В этот вечер Мириам не позволила мне зажечь электричество. Она делала все домашние дела при тусклом свете двух свечей: готовила для нас ужин на своей кухоньке, потом укладывала вещи в три большие до­рожные сумки, которые собиралась взять с собой в Израиль. С белым платком на голове она напоминала мою маму в те времена, ког­да я был маленьким мальчиком, который хо­дил к Фишлу, местечковому меламеду в Радзимине, или в хедер Моше Ицхака в доме пять по Гржибовской улице в Варшаве. На лом­берном столике Мириам поставила тарелки и разложила серебряные приборы, все в молчании, как будто я был ее юным подопечным, а она только что вышедшей замуж хасидской женой. Я не мог оторвать глаз от двух маленьких язычков пламени, как будто раскрывав­ших лживость окружающей буйной цивилиза­ции — культуры неверующих, бесчисленных машин и изобретений, терзающих мир послед­ние два столетия. «Как могут две грошовые свечи так изменить настроение мужчины и женщины?» — спрашивал я себя. Мы ужинали иначе, чем раньше, меньше разговаривали, по­нижали голос. Это было странно, но мне ка­залось, что руки Мириам стали более дели­катными, а пальцы длиннее и красивее. Ее прятавшиеся в тени глаза излучали какое-то благородство, о существовании которого я успел забыть. Прошли годы с тех пор, как я заглядывал в святую книгу или заходил в ос­вященное место. Но мерцание пламени све­чей вернуло меня в Дома Учения и хасидские избушки, где я начинал изучать страницы Гемары. Первые комментарии Мишны в трак­тате Берахот всплыли в моей памяти, и я на­чал бормотать нараспев:

—    Когда Шема читается по вечерам?
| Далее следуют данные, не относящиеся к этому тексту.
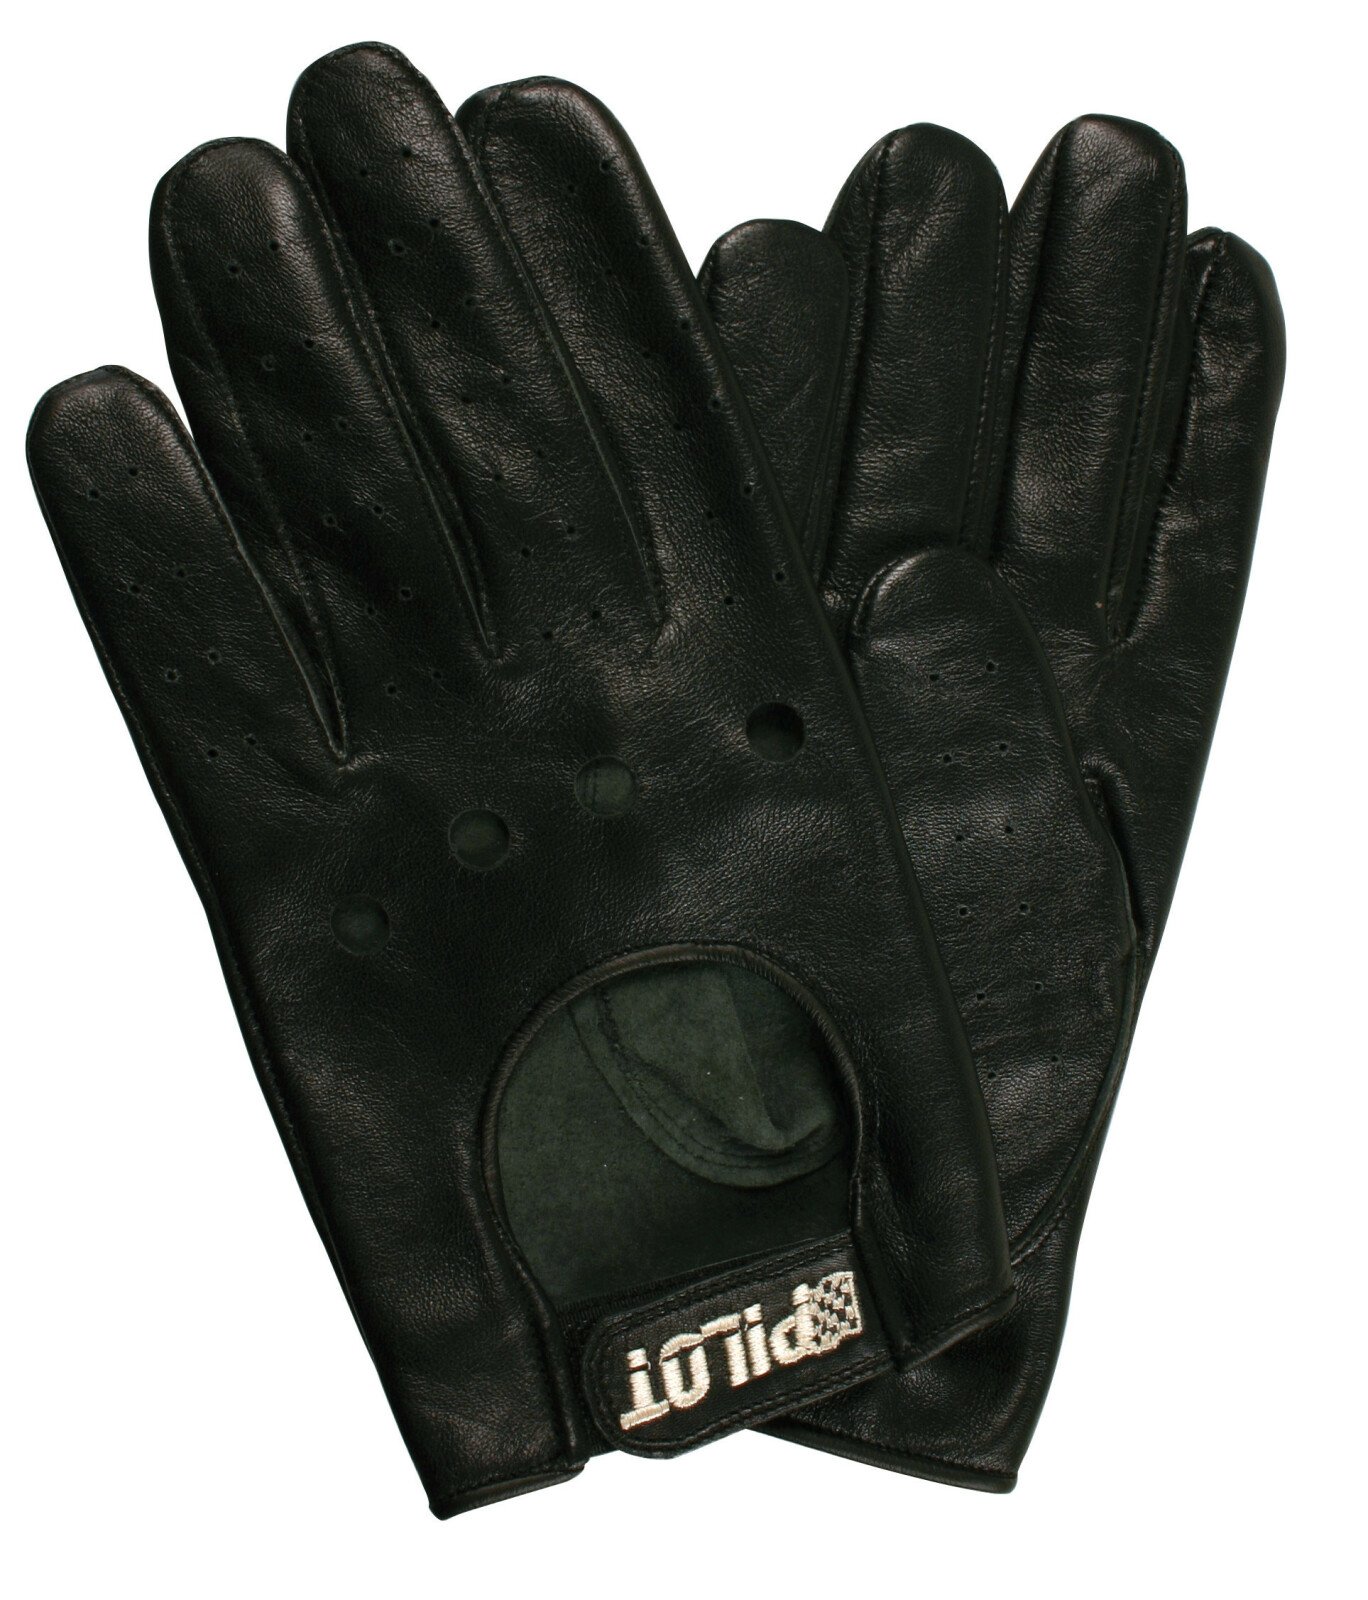 Pilot-3 driving gloves - XL - Black thumb

С то­го времени, как жрецы входили, чтобы съесть их приношения, говорил Рабби Элиезер. И мудрецы беседовали до полуночи. Рабби Гамлиель говорит, что до рассвета...

—    Ты что-то сказал? — спросила Мириам.

—    Кое-что из Гемары.

Она пошла в ванную чистить зубы. лег на кровать, и она пришла ко мне в ночной ру­башке с кружевной отделкой, которую я раньше не видел. Она сказала:

—    по-польски означает бракосочета­ние, а также — обет.

—   Да.

—    Сегодня я сочеталась с тобой бра­ком, — провозгласила она.
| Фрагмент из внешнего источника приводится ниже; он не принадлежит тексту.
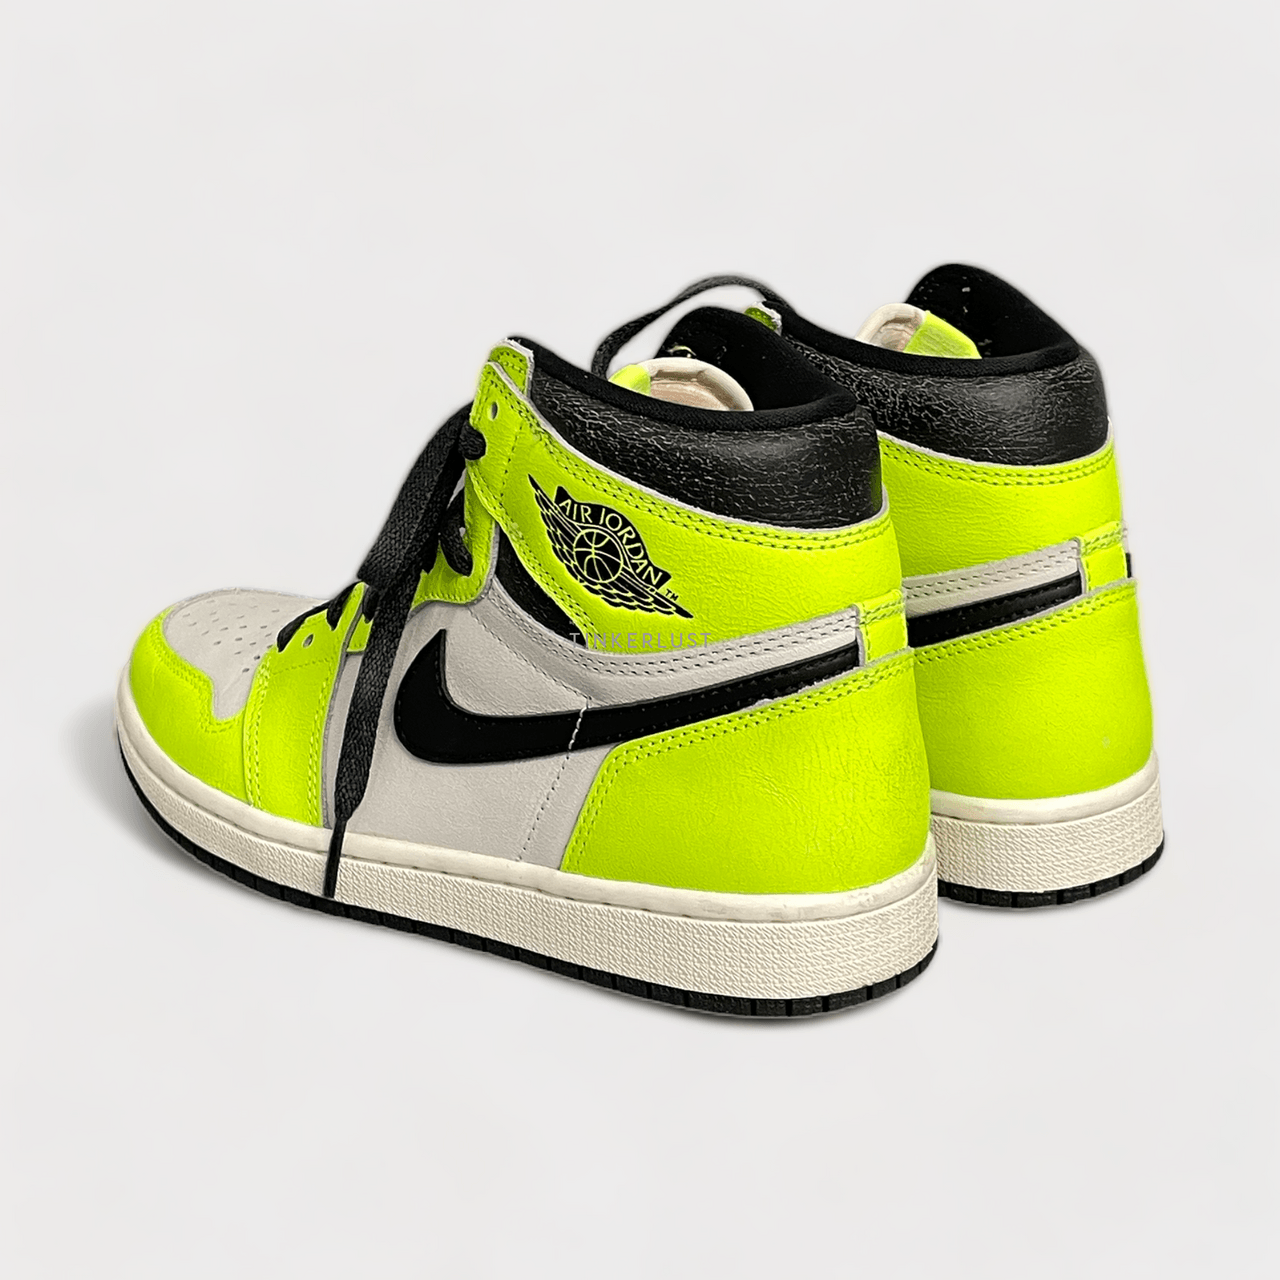 Nike Air Jordan 1 Retro High OG 'Visionaire' 555088-702 Shoes

Мы обнялись и лежали молча. Мириам извивалась в моих руках; ее тело было горячим, она дышала часто, как в лихорадке. Она ска­зала:

—    Не беспокойся. Я ни к чему не принуж­даю тебя. Я сочеталась с тобой браком, не ты со мной. Я знаю, что я тяжко грешна перед Богом, перед тобой, перед Максом. В стари­ну я была бы изгнана из общества или даже побита камнями. Но какое дело Богу до того, что делают маленькие людишки на этой пла­нете? У него во Вселенной мириады миров и других созданий, и других душ. Даже здесь, на Земле, не все живые существа следуют од­ним и тем же законам: у нас был пес, кото­рый спаривался с собственной матерью. По­дожди, я схожу, взгляну, горят ли еще свечи.

Мириам встала с кровати и пошла в гостиную. Она вернулась, говоря:

—    Одна свеча выгорела, другая еще мер­цает.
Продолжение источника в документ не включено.